Lu, Huimei*,, Shen, Zhiyuan1, 1 Dept. of Molecular Genetics and Microbiology, MSC08-4660, Albuquerque, NM, USA
ABSTRACT- Homologous recombinational repair (HRR) of DNA damage plays a major role in the maintaining genome stability. BRCA2 has important roles in RAD51 focus formation and HRR of DNA double-strand breaks (DSBs). We previously reported an interaction between BRCA2 and BCCIP, a BRCA2 and CDKN1A (Cip1, p21, Waf1) interacting protein.
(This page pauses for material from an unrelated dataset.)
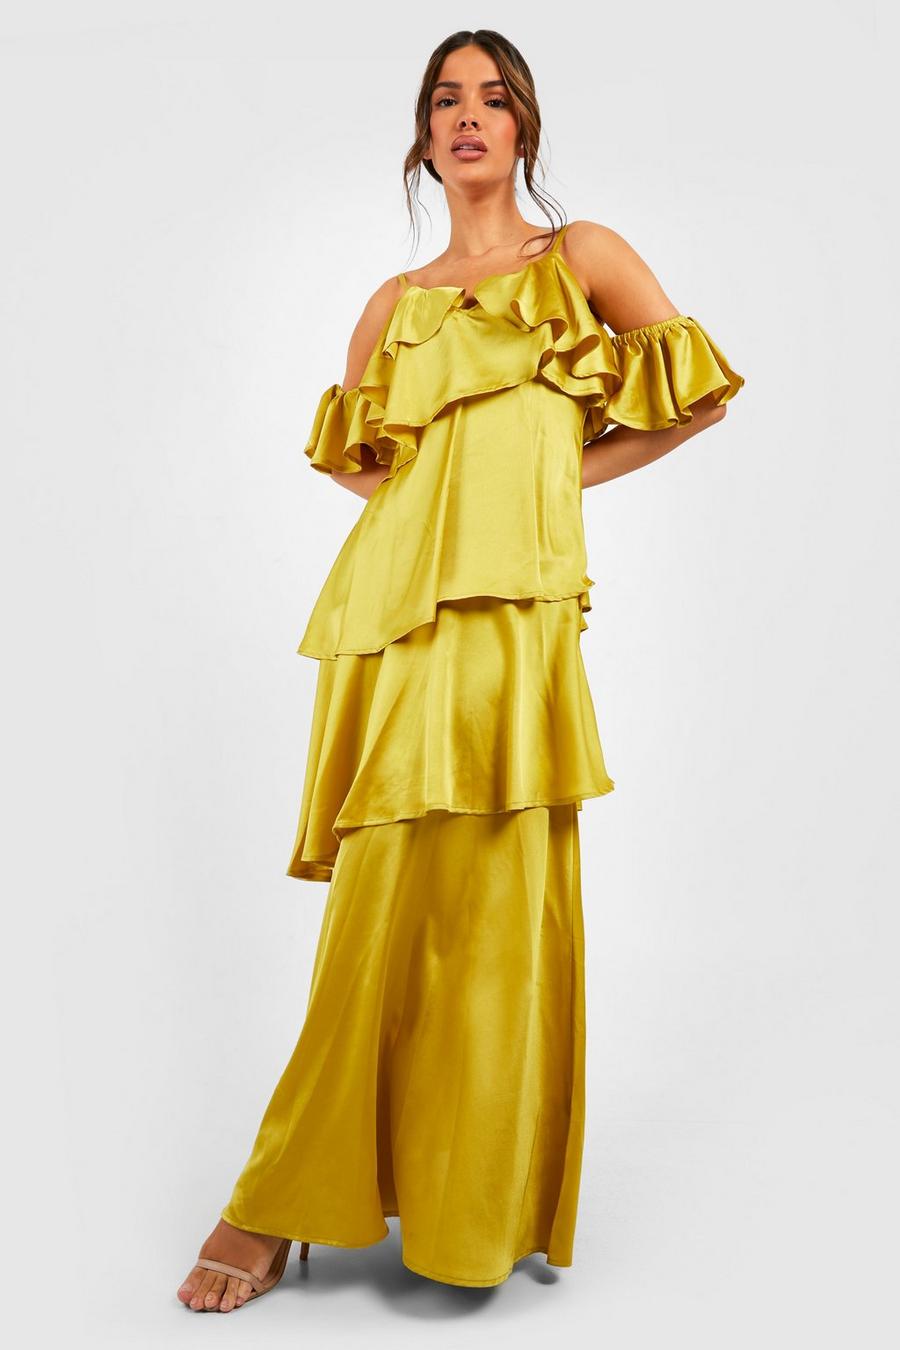 Chartreuse yellow Satin Ruffle Tiered Maxi Dress

We have also shown that chromatin-bound BRCA2 co-localizes with BCCIP nuclear foci, and that the majority of radiation-induced RAD51 foci co-localize with BCCIP. In this study, we further show that dominant negative BCCIP fragments reduce DSB-induced HRR. Interestingly, both the BRCA2 and p21 interacting domains of BCCIP inhibit DSB-induced HRR, implying that both the BRCA2-BCCIP and p21-BCCIP interaction may be important for homologous recombination. Furthermore, knockdown of BCCIP expression by RNA interference inhibits homology based gene targeting in human cells. These results affirm the role of BCCIP in HRR regulation.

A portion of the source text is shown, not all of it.